Neither genius nor unusual empathy nor deep introspection is required to be aware of the mind's shadows; a little assistance helps though. Weissenberg had the ability to bring the shadows near the surface in his interpretations of the music of Schumann and Chopin. He helps me know myself - and maybe Schumann and Chopin a little bit.


----------



## Mahlerian (Nov 27, 2012)

Found it, but it's out of print.

The seller offering a used copy for 2,730 yen is willing to ship internationally, though. It's up to you.

Schumann: Carnival, Piano Sonata No. 2

Edit: This one's being sold for 2,100, and it's also being shipped overseas. Listed as "Very Good" condition.

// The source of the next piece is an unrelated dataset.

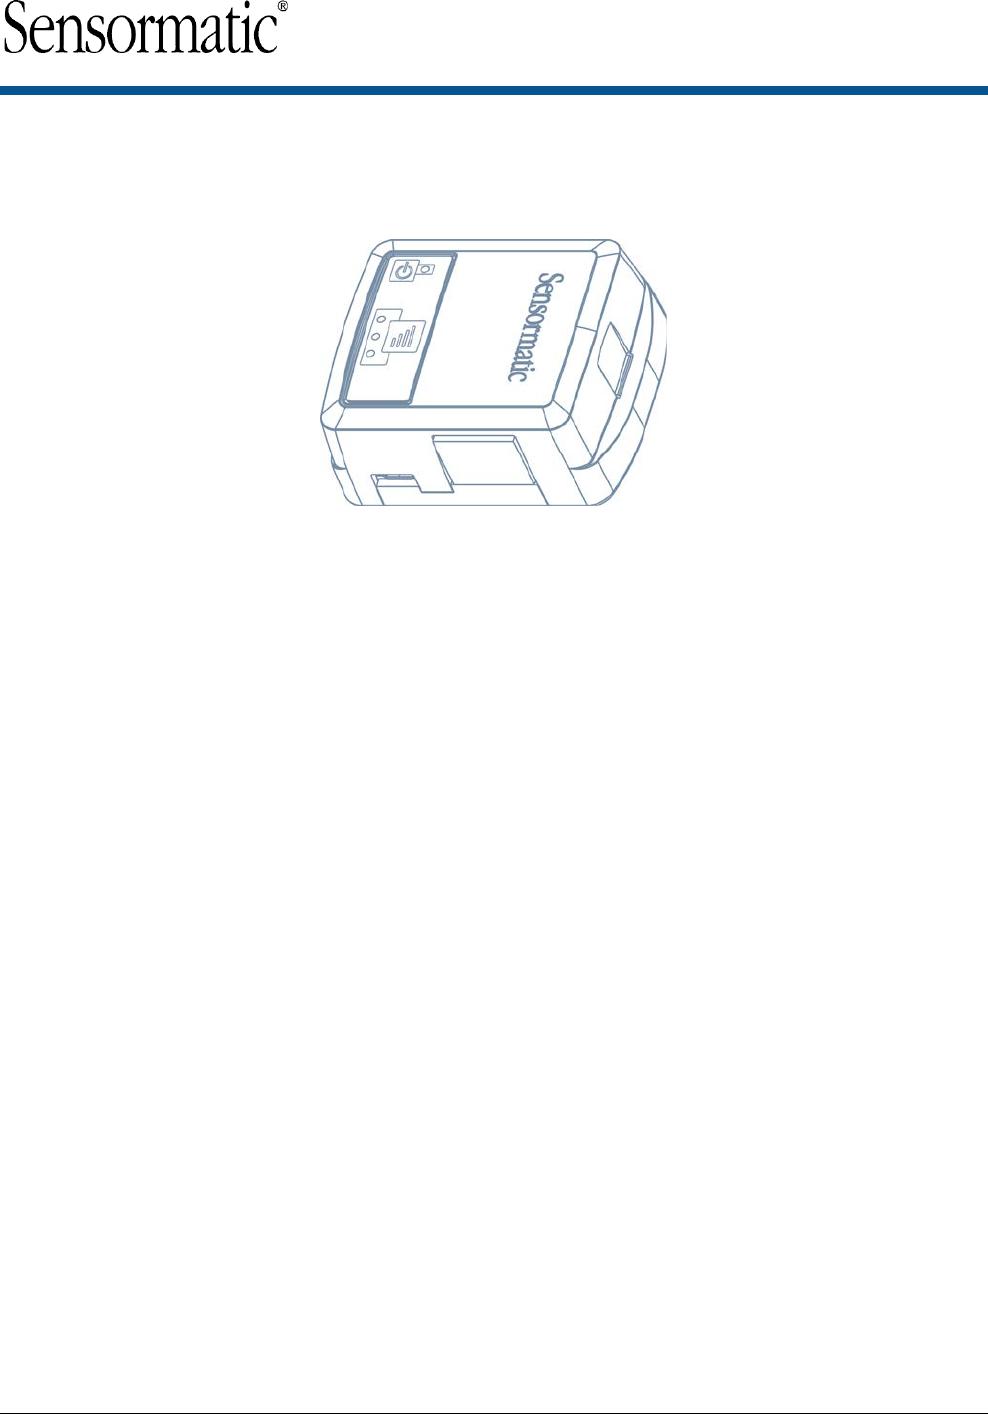 Tyco Safety Sensormatic BIX1000 Business Intelligence Module
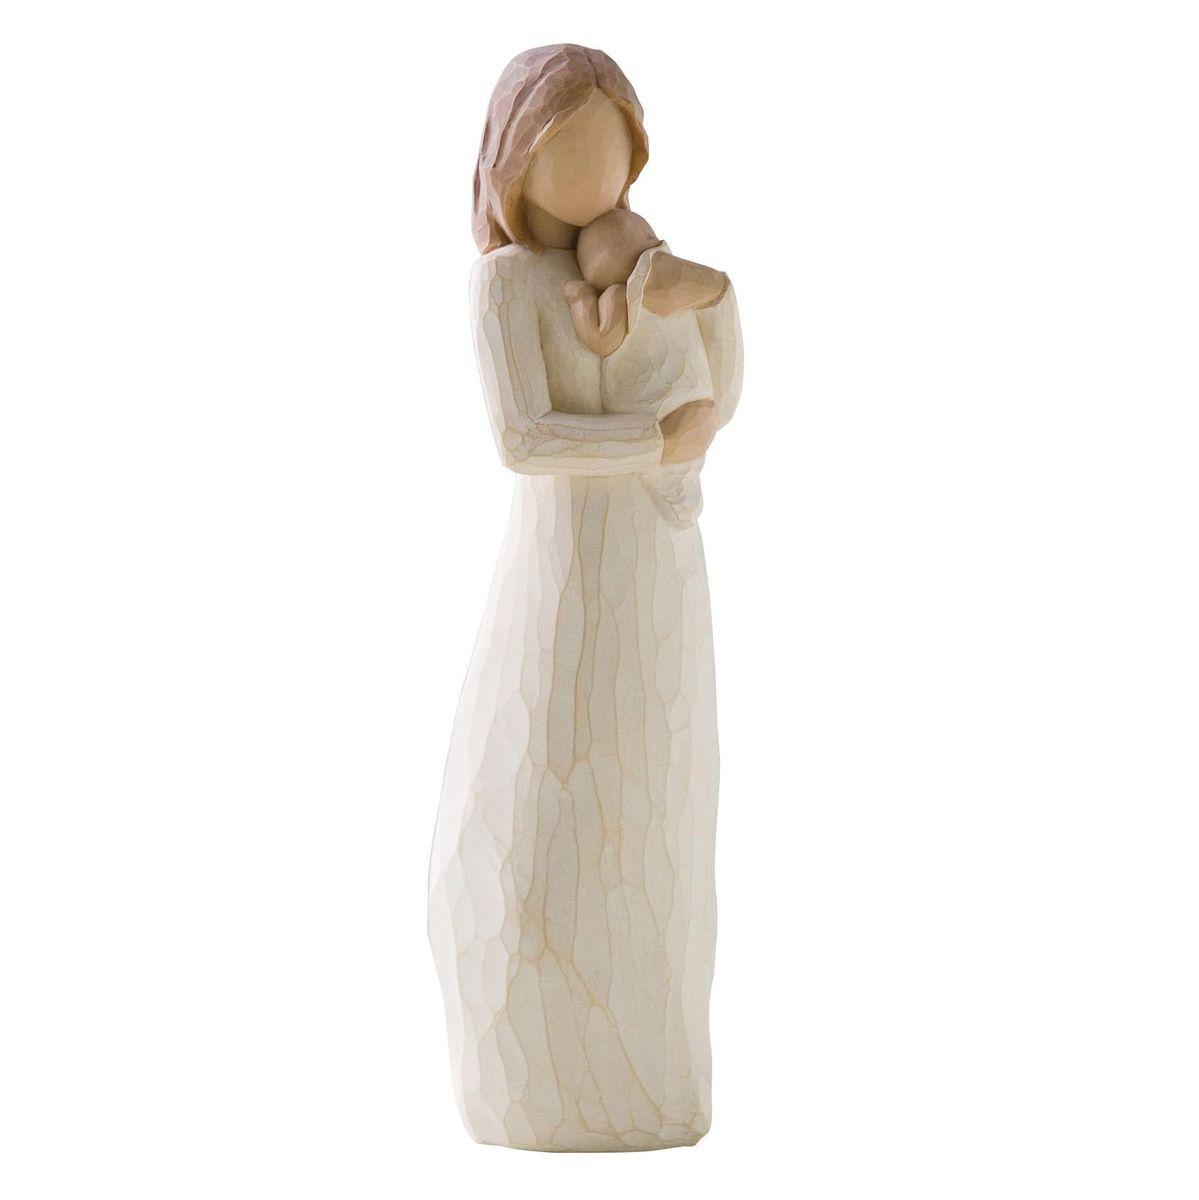 Фигурка Willow Tree Мой ангелочек, 22 см26124Эти прекрасные статуэтки созданы канадским скульптором Сьюзан Лорди. Каждая фигурка – это настоящее произведение искусства, образная скульптура в миниатюре, изображающая эмоции и чувства, которые помогают нам чувствовать себя ближе к другим, верить в мечту, выражать любовь. Каждая фигурка помещена в красивую упаковку. Купить такой оригинальный подарок, значит не только украсить интерьер помещения или жилой комнаты, но выразить свое глубокое отношение к любимому человеку. Этот прекрасный сувенир будет лучшим подарком на день ангела, именины, день рождения, юбилей. Материал: Искусственный камень (49% карбонат кальция мелкозернистой разновидности, 51% искусственный камень)

Schumann: Carnival, Piano Sonata No. 2


----------



## DavidA (Dec 14, 2012)

Warner are issuing past recordings by EMI artists in the Icon series so maybe Weissenberg will turn up there. I've ordered Annie Fischer's Icon which includes stunning Mozart concertos and, incidentally, her Carnival.


----------



## Mandryka (Feb 22, 2013)

Mahlerian said:


> Found it, but it's out of print.
> 
> The seller offering a used copy for 2,730 yen is willing to ship internationally, though. It's up to you.
> 
> ...


These are LPs -------


----------



## Mahlerian (Nov 27, 2012)

Mandryka said:


> These are LPs -------


....you're right.


----------



## Ukko (Jun 4, 2010)

Mahlerian said:


> ....you're right.


The LP is listed for sale in several places on the Web. Which fact I'll use to bring up mention of the Sonata No. 2, Op.22 on the disc. The playing/interpretation is excellent - unfortunately, my copy has a skip in the finale. Don't know if it's a bad pressing. To partially compensate for the 'unfortunately', there are a lot of varied and fine interpretations of that work out there.


----------